Raft Replication in Oracle Database 23ai: High Availability and Scalability made simple
In today's ever-evolving business landscape, data integrity, fault tolerance, and consistency in distributed systems are paramount. Oracle Database 23c implements the Raft consensus algorithm for data replication and leader node election, ensuring high availability and scalability for mission-critical distributed database deployments. In this article, I discuss architecture of Raft replication in Oracle Database 23ai and how it provides a simple, yet robust solution to the issues that distributed systems (and by inclusion NoSQL databases) aim to address. The RAFT consensus algorithm is described by Ongaro and Outsterhout in the USENIX paper “In Search of an Understandable Consensus Algorithm”. The architecture details provided below is a 1000 ft overview, the reader is invited to read the original paper for the detailed algorithm.
Introduction to Raft Replication
RAFT replication is a built-in Oracle Database 23ai capability that integrates data replication with transaction execution in a distributed Oracle Database. Raft replication enables fast automatic failover with zero data loss. If all shards are in the same data center, it is possible to achieve sub-second failover. This capability provides a uniform configuration with no primary or standby shards.
Raft Replication Terminologies
The Raft consensus protocol is used to maintain consistency between the replicas in case of failures, network partitioning, message loss, or delay. When Raft replication is enabled, a sharded database contains multiple replication units.
Replication Unit (RU) - A replication unit (RU) is a set of chunks that have the same replication topology. Each RU has?multiple?replicas placed on different shards.

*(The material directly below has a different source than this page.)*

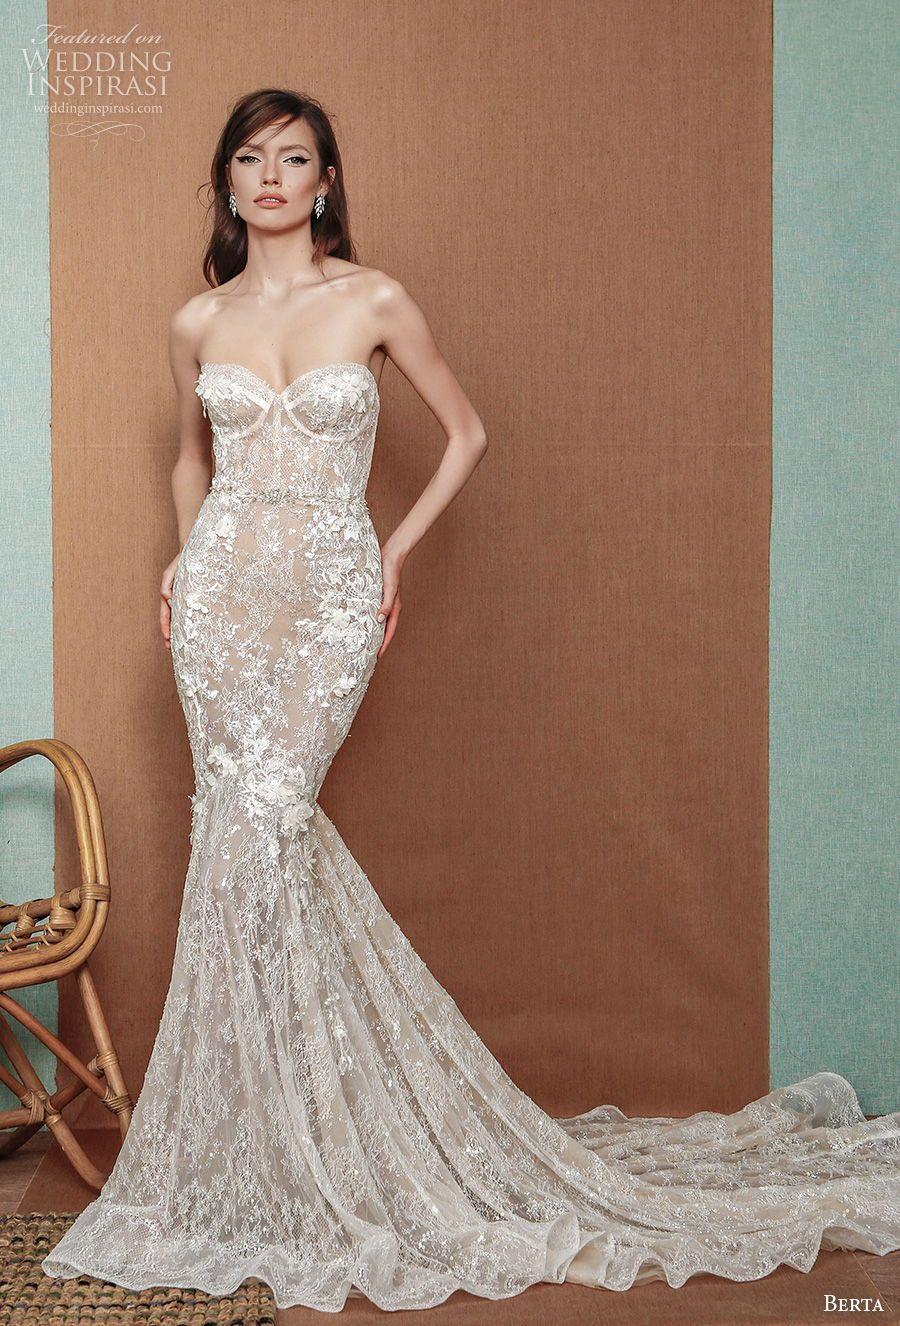 Berta Privee Spring 2021 Wedding Dresses Wedding Inspirasi Wedding Dresses Bridal Gowns Mermaid Mermaid Wedding Dress [ 1326 x 900 Pixel ]

Replication factor (RF) - determines the number of participants in a RAFT group. This number includes the leader and its followers. The RU needs a majority of replicas available for write.
In Oracle Globally Distributed Database , the replication factor is specified for the entire database cluster, that is all replication units in the database have the same RF. The number of followers is limited to two, thus the replication factor is three.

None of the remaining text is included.